# [EXERCISE DETAILS]
Retype exactly every line from the one that includes "56 dots connect" through the final line of the listing, both ends kept, and omit the pictures.

# [PROVIDED MATERIAL]
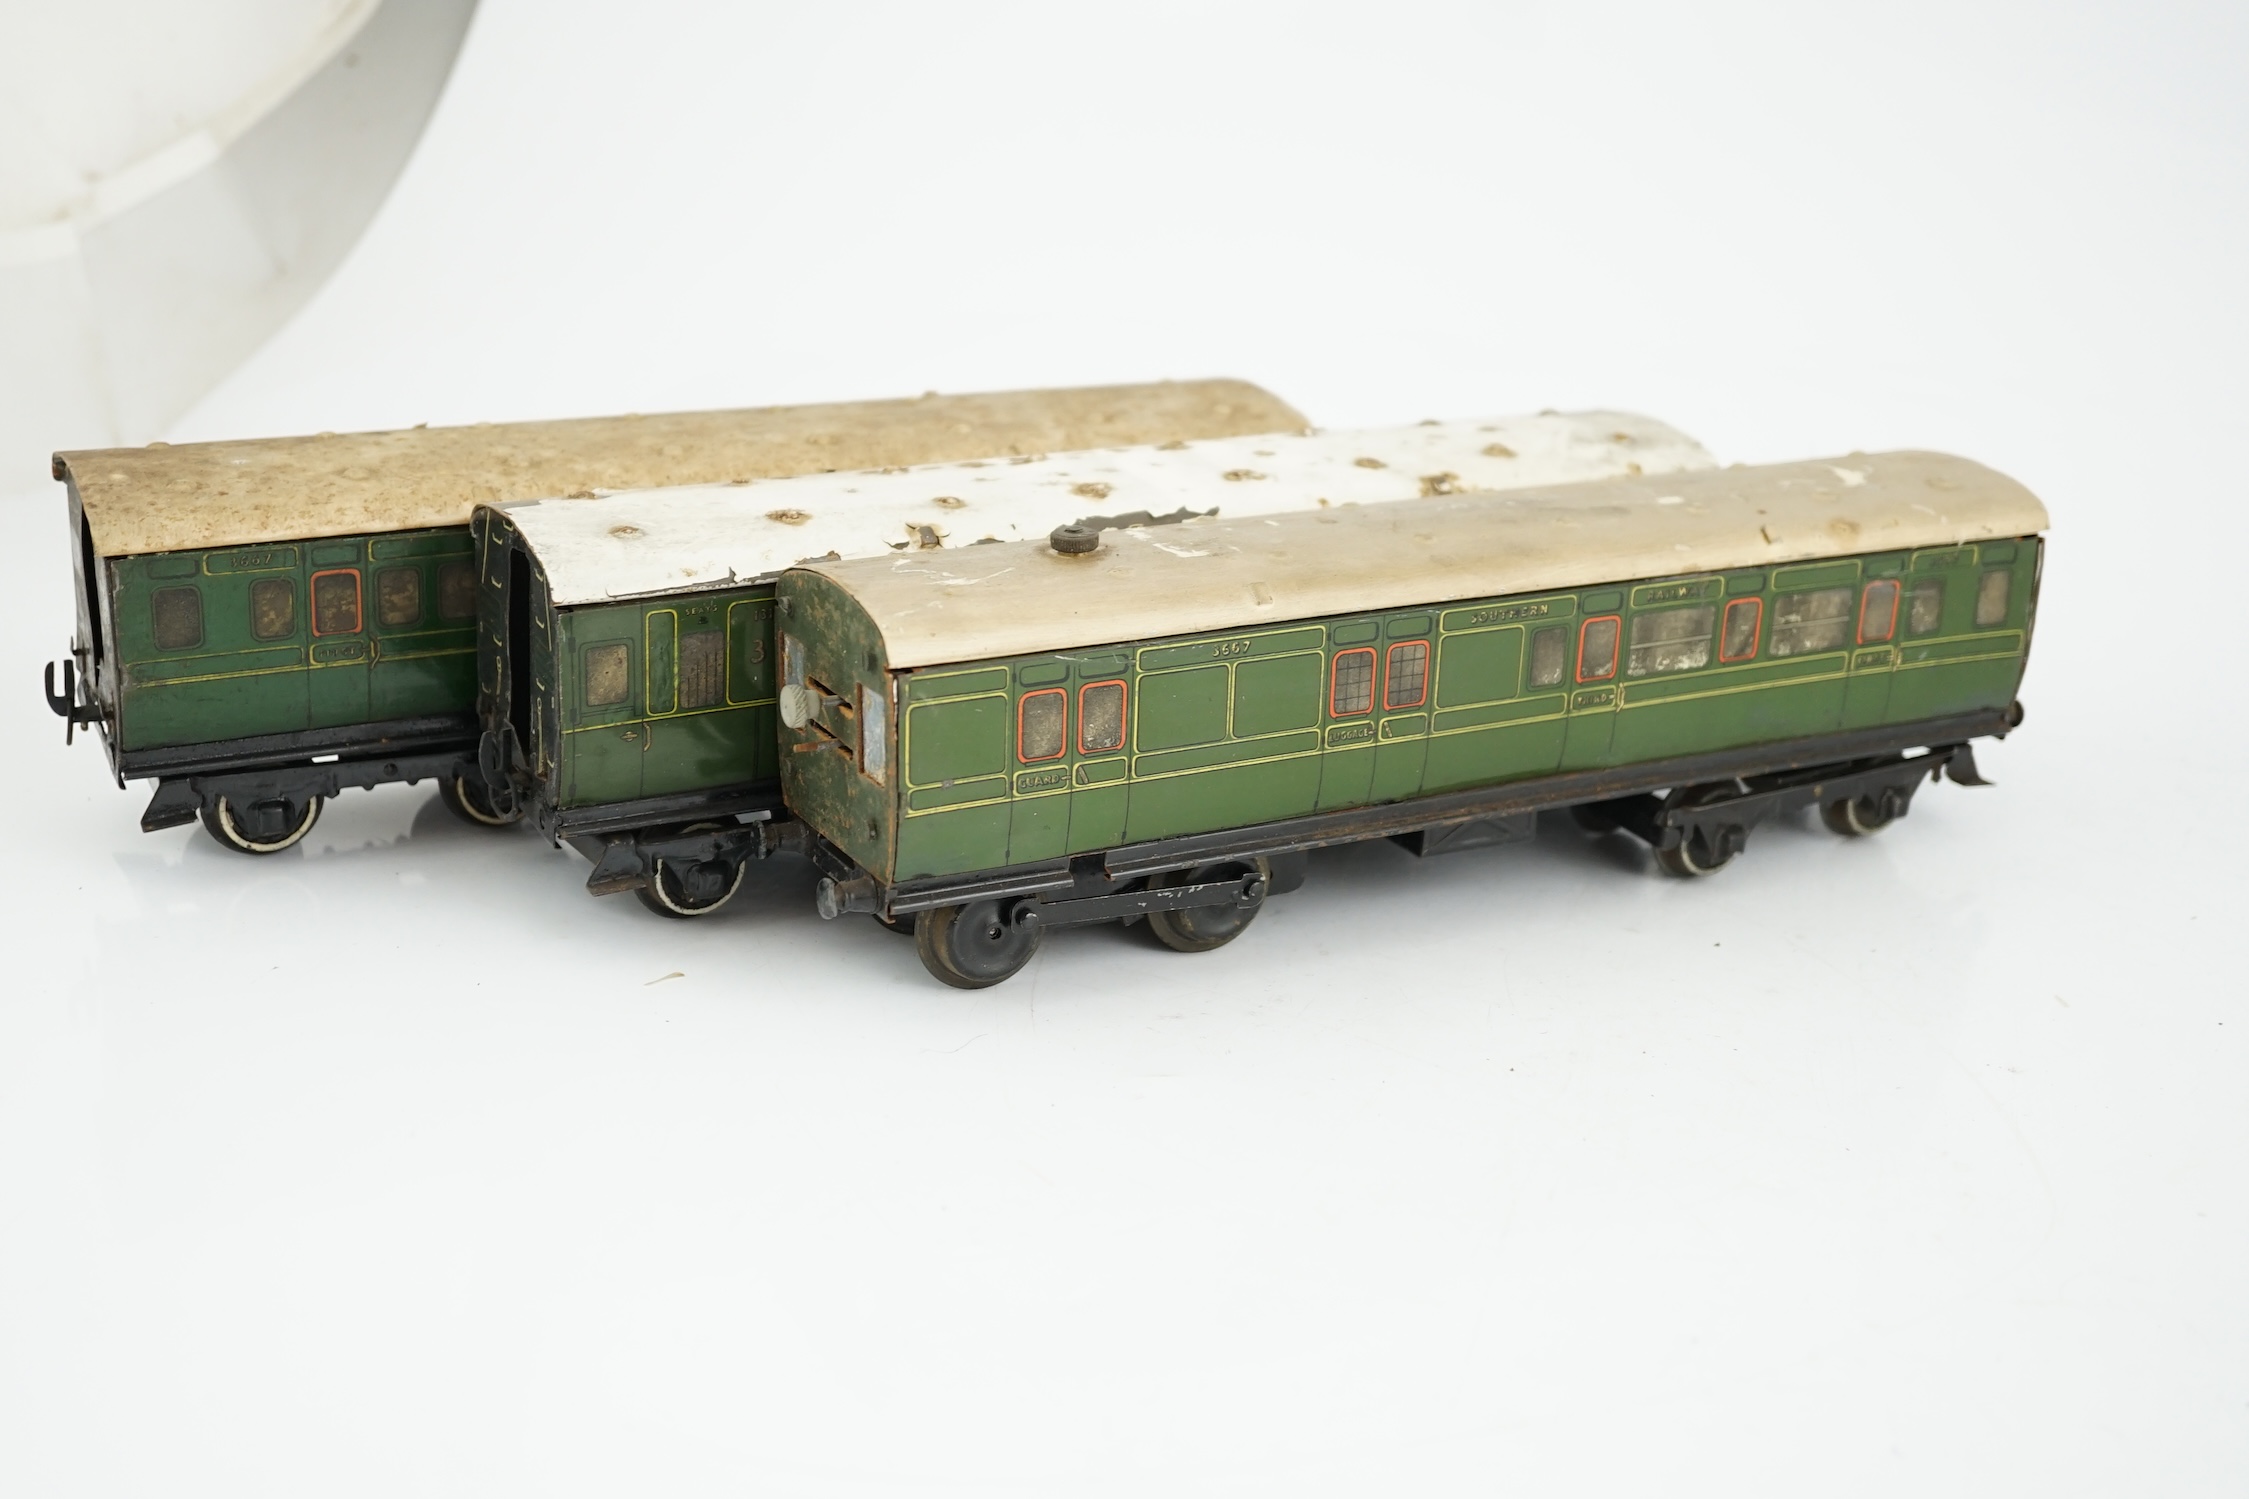 Six Hornby 0 gauge tinplate No.2 coaches in Southern Railway livery, one coach adapted to a - Image 12 of 12
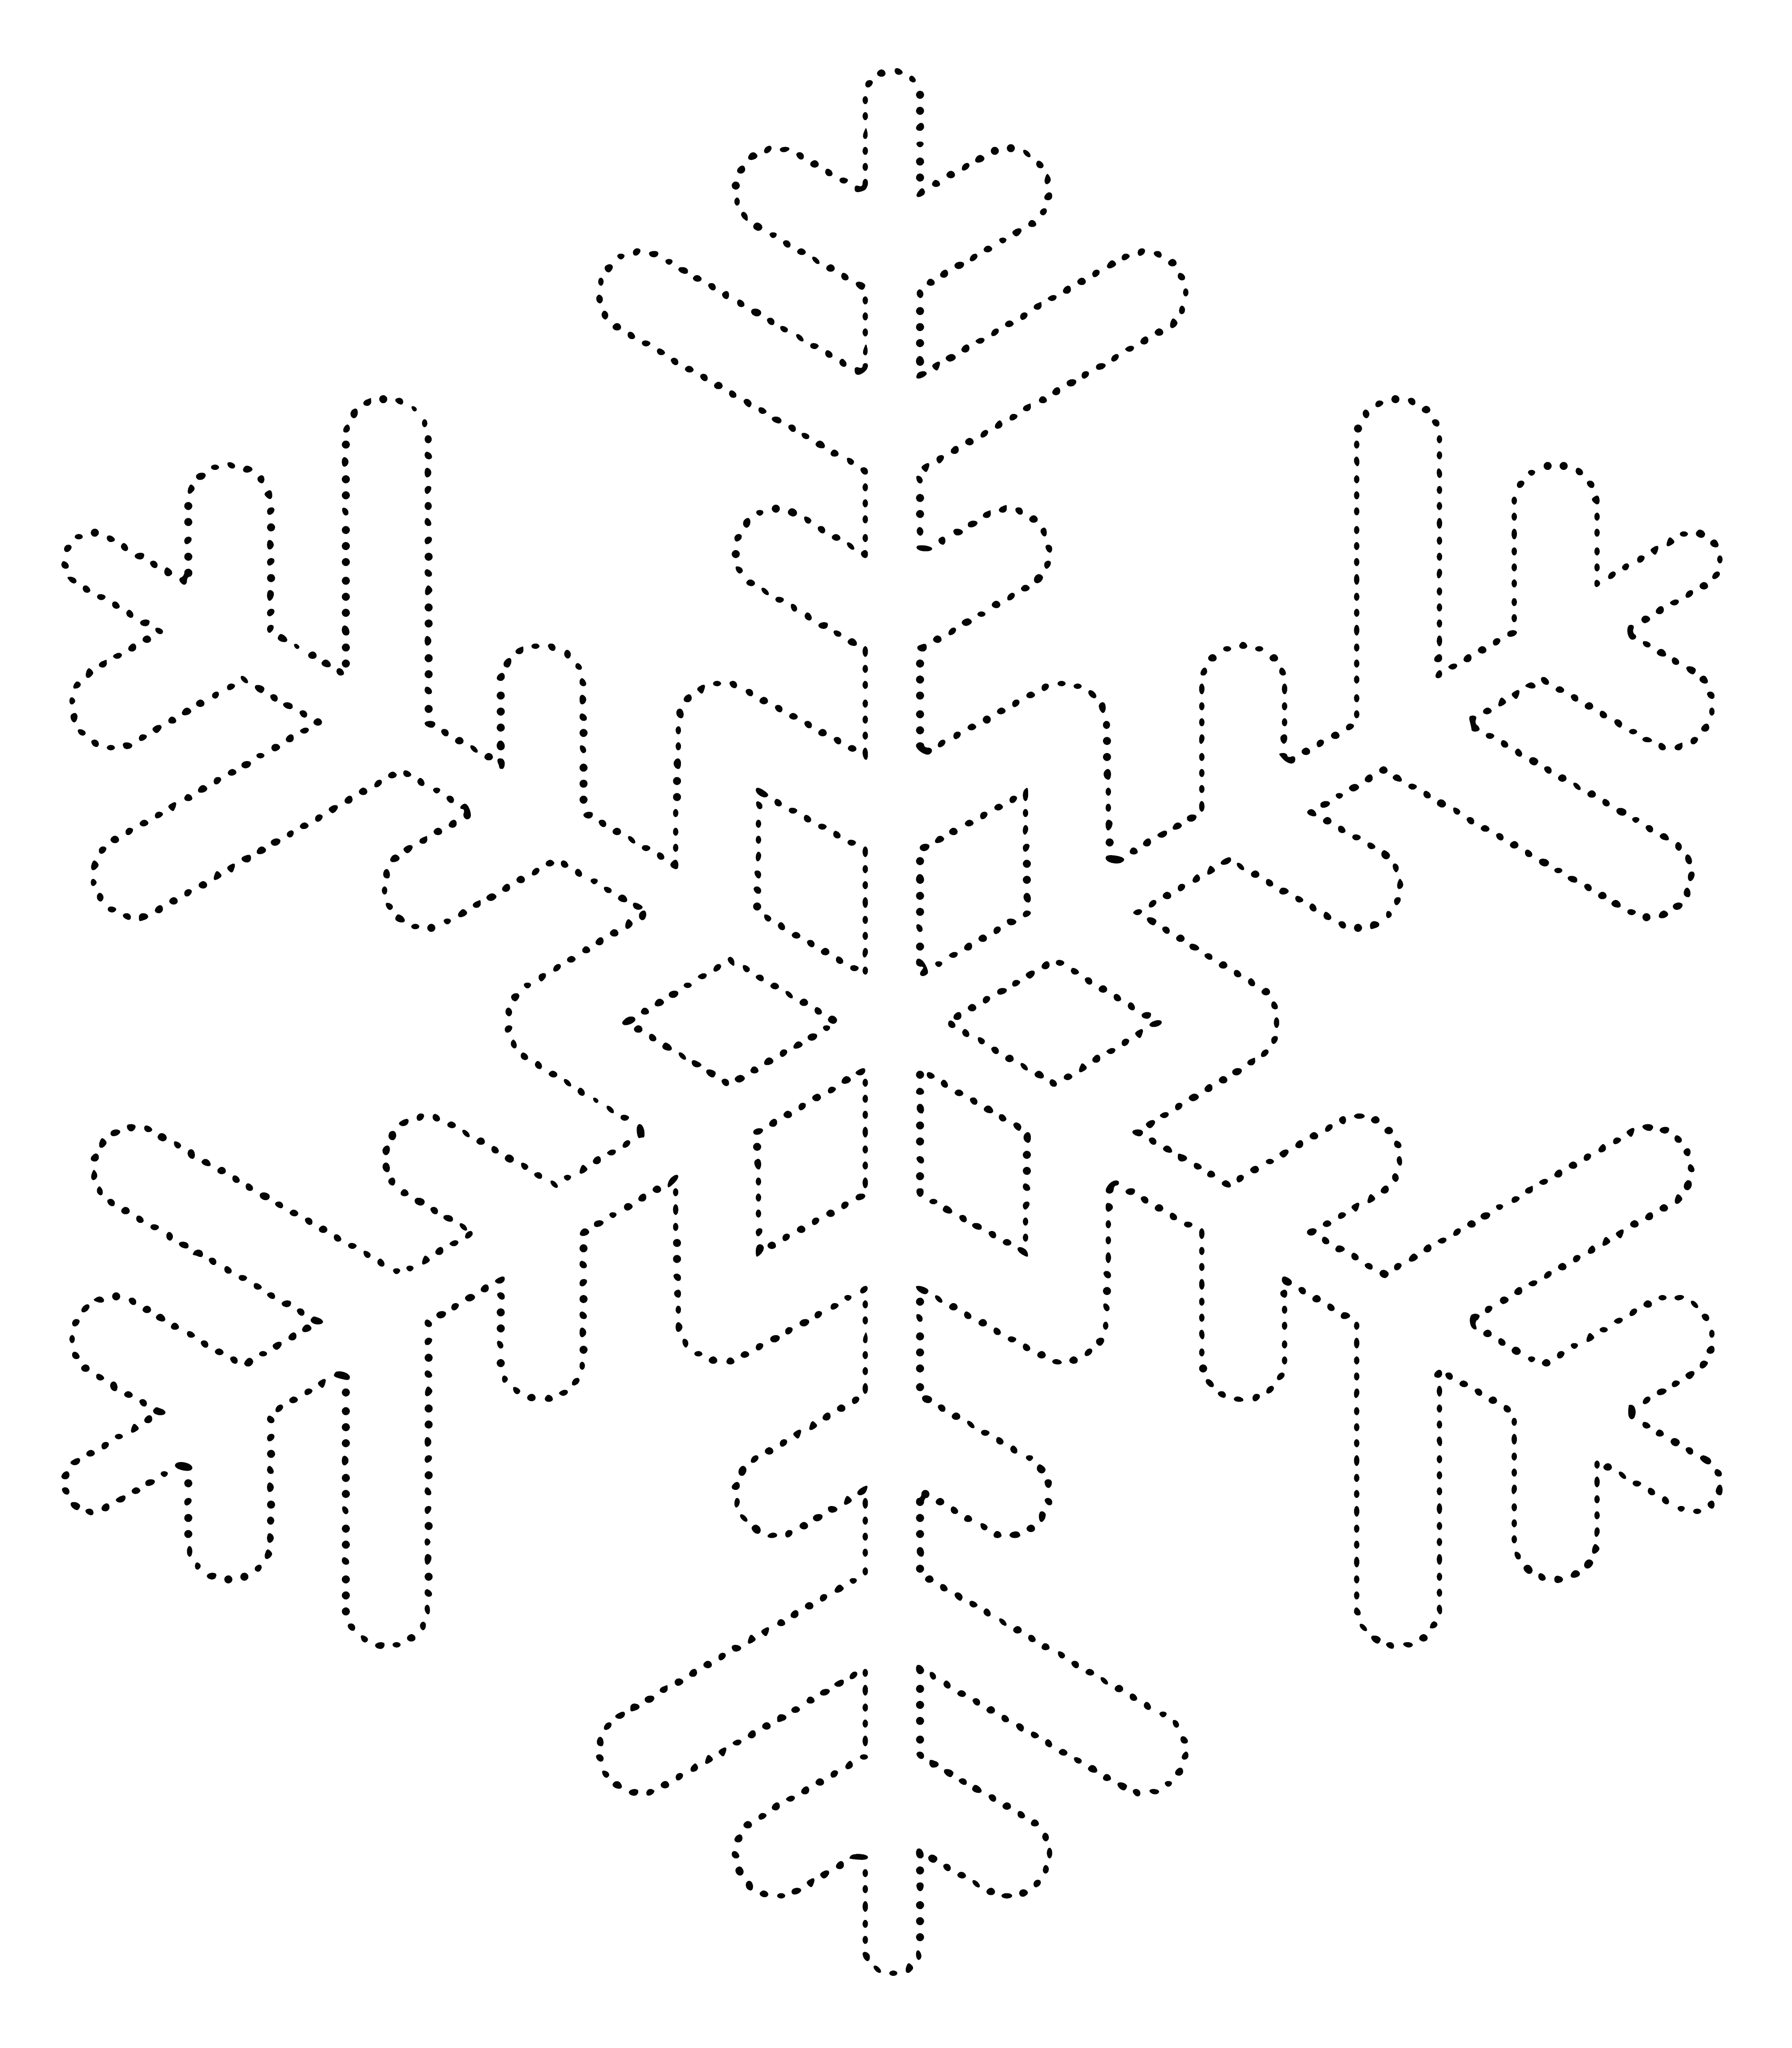 56 dots connect to form lines producing a snowflake outline. #snowflake
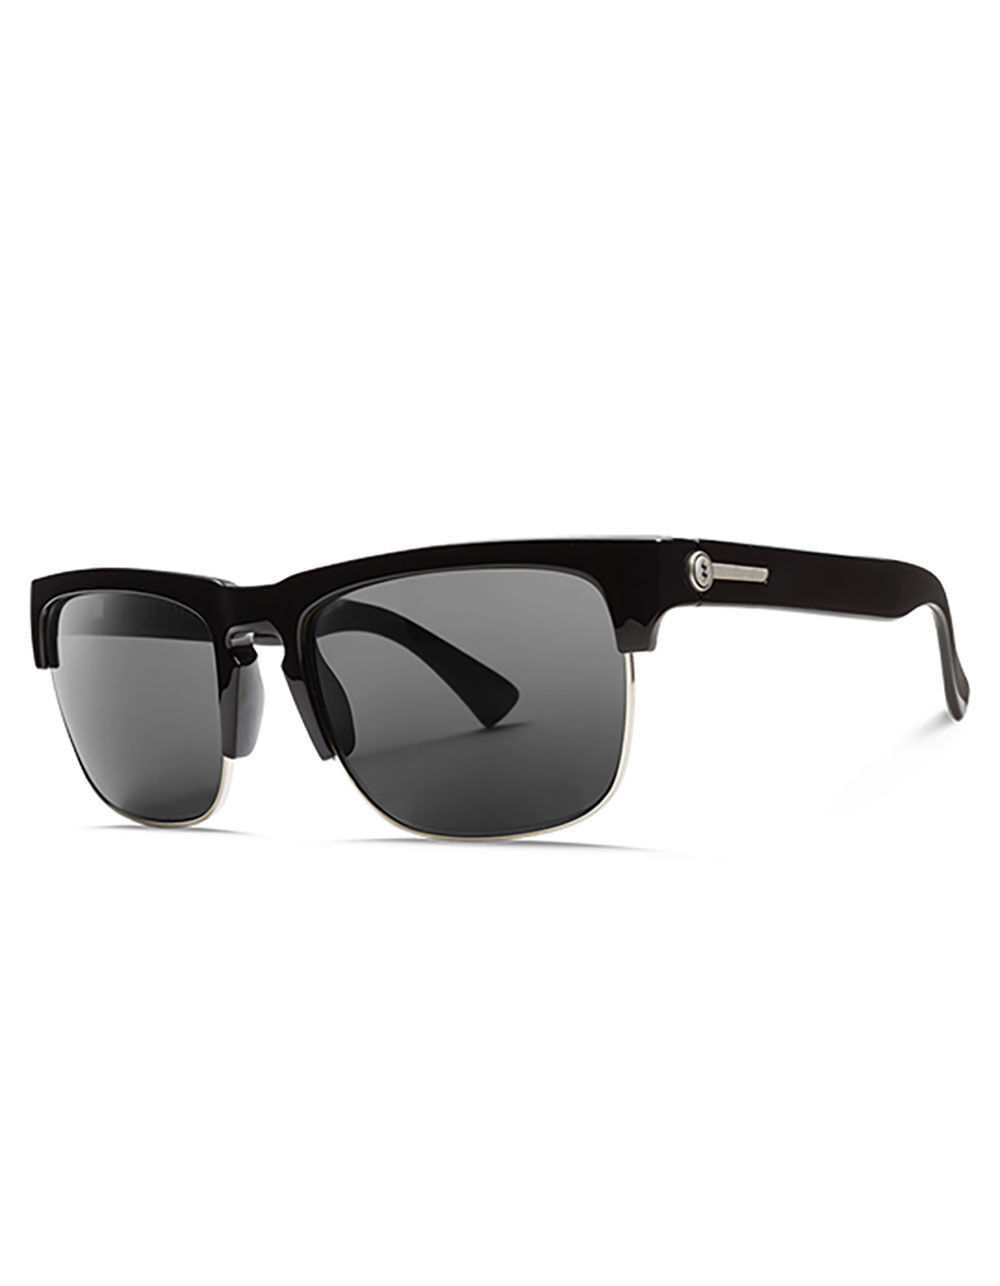 ELECTRIC KNOXVILLE UNION SUNGLASSES

# [OUTPUT FOR THIS TASK]
 56 dots connect to form lines producing a snowflake outline. #snowflake
 ELECTRIC KNOXVILLE UNION SUNGLASSES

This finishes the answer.